Today the Senate voted 68-32 to end debate on the gang of eight immigration bill, and it’s headed this afternoon for final passage by a sizable margin. The margin of victory — in what will be widely trumpeted by Dems as a historic vote — means the spotlight will suddenly swing rather dramatically on to the House.

One thing worth watching: What will Paul Ryan do?

Today Speaker John Boehner actually drew a sharper line than before in ruling out any vote on an immigration bill that lacks the support of a majority of House Republicans. He said such a bill would not get a vote even if it emerged from Senate-House conference negotiations. Boehner appears to be continually caving to conservative demands to rule out letting anything that might pass with Dem support to even get to the House floor.

In this context one key question is whether Ryan — who supports immigration reform — will stand up to conservatives in his own party who want to push the bill so far to the right that it ends up being unacceptable to Dems, and who are insisting that nothing that looks even remotely like the Senate bill must ever get a House vote.

Ryan has a lot at stake here. He is expected to run for president in 2016. But if House Republicans take the blame for sinking immigration reform’s hopes, the death of reform could be a larger general election albatross for him (the GOP primary is another matter) than other 2016 presidential hopefuls, given his leadership role in the body that killed reform.

On immigration, Ryan stands as an interesting contrast to Marco Rubio, another pro-reform Republican with 2016 ambitions. After playing it cute for months by continually hinting that he’d bail on reform if it wasn’t made conservative enough, Rubio finally did stand up to conservatives by effectively casting his lot with reform that Dems could support, taking a ton of criticism from the right in the process.

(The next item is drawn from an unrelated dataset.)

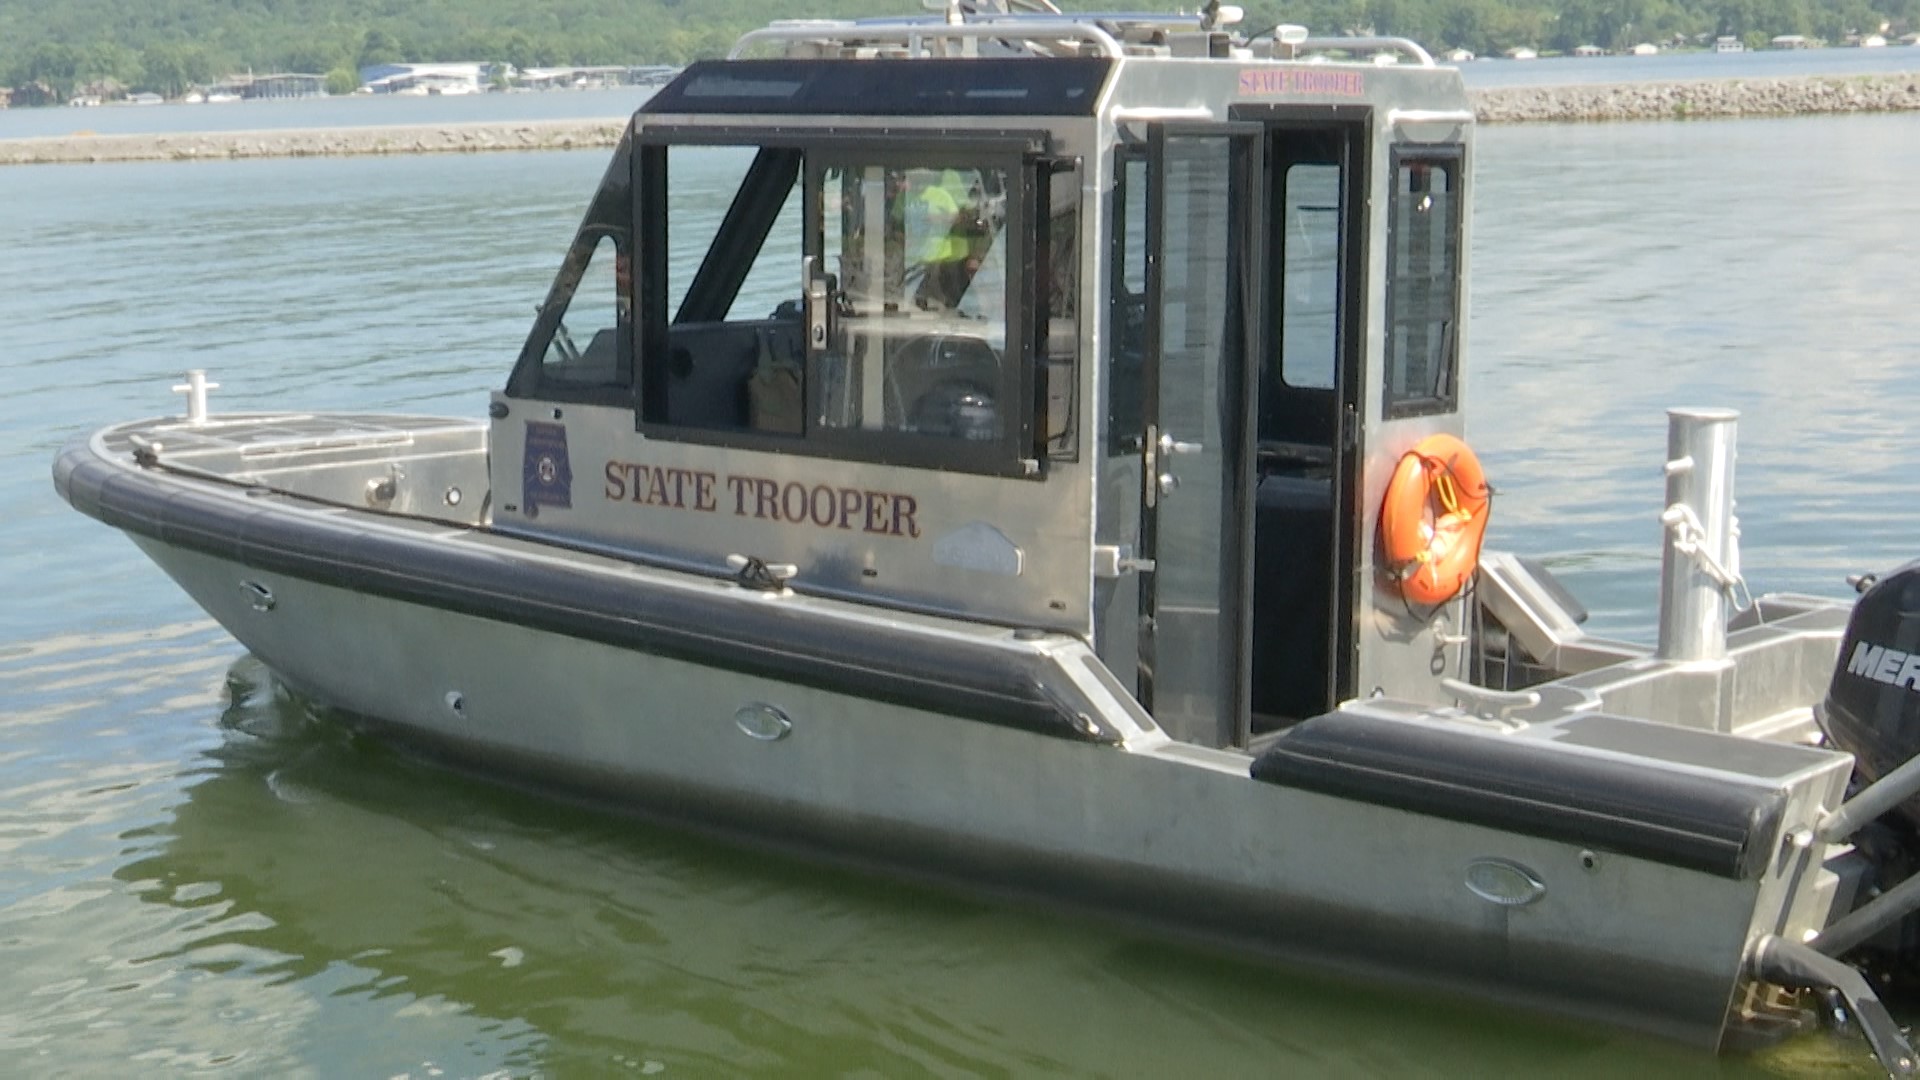 A senior trooper with the Alabama Law Enforcement agencies shares tips for how to keep you and your family safe while out boating over the 4th of July holiday.

Rubio seems to be betting that being on the side of constructive problem solving on immigration — even if it means taking heat from conservatives — is the best place to be heading into 2016. Will Ryan — who could also exercise leadership on the issue, given the tremendous credibility with conservatives he enjoys as architect of the party’s dominant fiscal vision — do the same?

Ryan is trying to play both sides right now, too. Today in an interview with Sean Hannity he pushed back on conservative notions that a path to citizenship is “amnesty,” arguing it’s actually an effort to get undocumented immigrants “right with the law.” But he also reiterated opposition to bringing up the Senate bill and insisted the final product must have “real triggers on the border.”

If by “real triggers” Ryan means something like what was in the Cornyn amendment, that is a nonstarter for Dems, since those are all about nixing citizenship. So at some point, Ryan is going to have to take a stand on behalf of a real path to citizenship without the hard triggers that are certain to sink reform’s hopes, and accept the need for Republicans to find a way to embrace something that looks like the Senate bill. Or he’ll be a leading member of the crew that will take all the blame for sinking a historic opportunity — after it passed the Senate by a wide margin — to finally achieve a path to citizenship for millions and dramatically increased border security. How would that work out for anyone who is eying the 2016 general election electorate?